Fig. 5: Comparative plasma concentration-time curve of proniosome formulation, niosome formulation and pure drug..

Parameters Pure drug DNF DPF
t1/2 (h) 1.441±0.071 2.411±0.124* 3.442±0.198**
Tmax (h) 2.034±0.359 3.401±0.535* 4.885±0.643**
Cmax (μg/ml) 0.212±0.013 0.895±0.054* 0.889±0.032**
AUC0-t ( μg.h.ml-1) 1.171±0.095 8.214±1.232* 11.302±1.693**
AUC0-∞ ( μg.h.ml-1) 1.171±0.047 8.270±0.901* 11.816±1.211**
AUMC ( μg.h2.ml-1) 4.765±0.756 56.263±2.357* 115.459±2.008**
MRT (h) 4.070±0.6656 6.803±1.081* 9.771±1.147**

Table 2: Mean Pharmacokinetic Parameters of Abacavir Sulphate.

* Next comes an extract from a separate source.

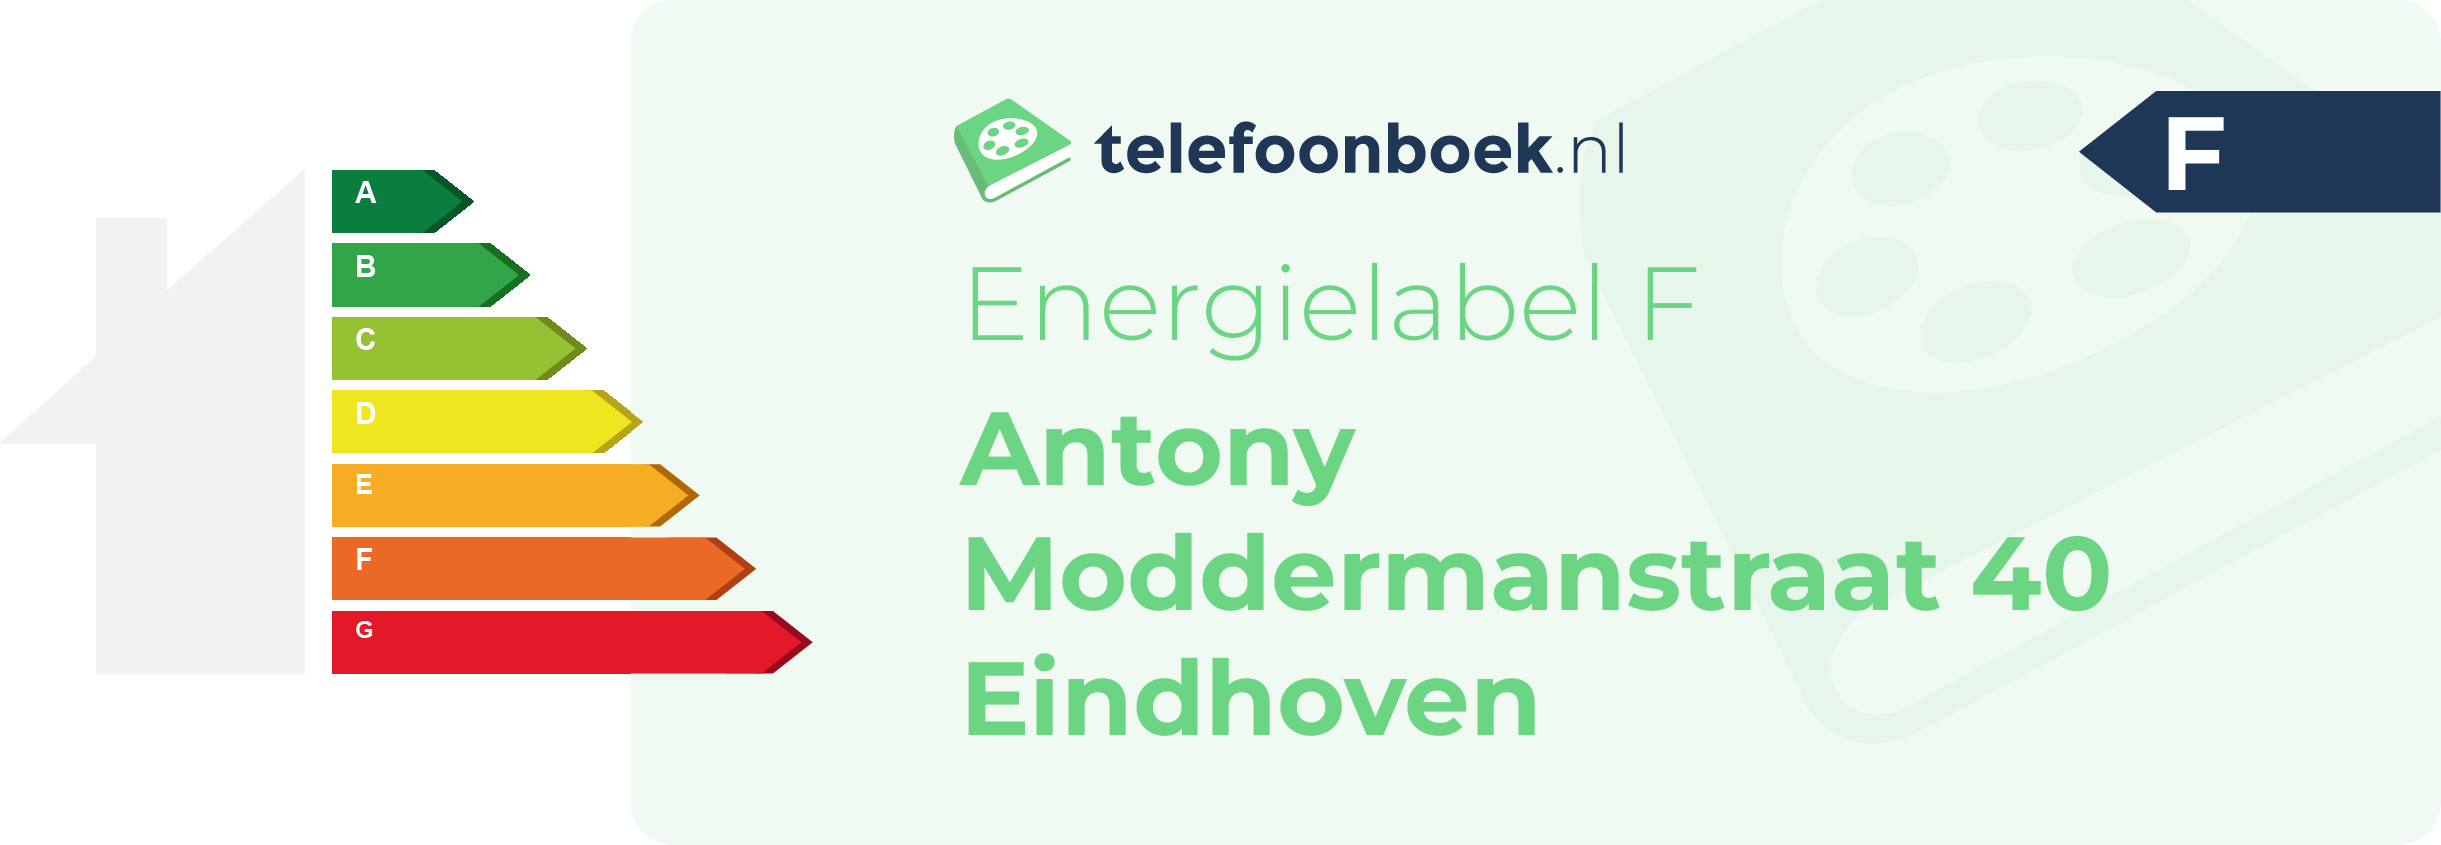 Energielabel Antony Moddermanstraat 40 Eindhoven

Cmax of the abacavir sulphate was increased from 0.212 μg/ml to 0.895 μg/ml for niosome formulation and 0.889 μg/ml for proniosome formulation (p<0.05). The results demonstrate a significant increase in oral bioavailability of abacavir sulphate. The present study clearly showed that niosomes and proniosome derived niosomes are capable of encapsulating abacavir sulphate and the formulations are suitable for oral administration. The pharmacokinetic data obtained from in vivo study in rats shows better bioavailability of proniosome formulation when compared with pure abacavir sulphate and niosome formulation. It may be due to niosome and proniosome derived niosome vesicles of abacavir sulphate may efficiently take up by macrophages of the Reticulo Endothelial System (RES) in liver and spleen due to their suitable nanoscale sizes. The results reported here indicate that proniosomal carrier system can be successfully used to enhance the bioavailability of abacavir sulphate.


We are grateful to Chairperson, Director, J.K.K. Nattraja College of Pharmacy and Dean, Department of Pharmaceutical Technology, Anna University for facilitating required research sources. Also, we want to express the gratitude to Cipla Ltd. for the gift sample of Abacavir sulphate.

Conflict of Interests:

The authors declared no conflict of interest.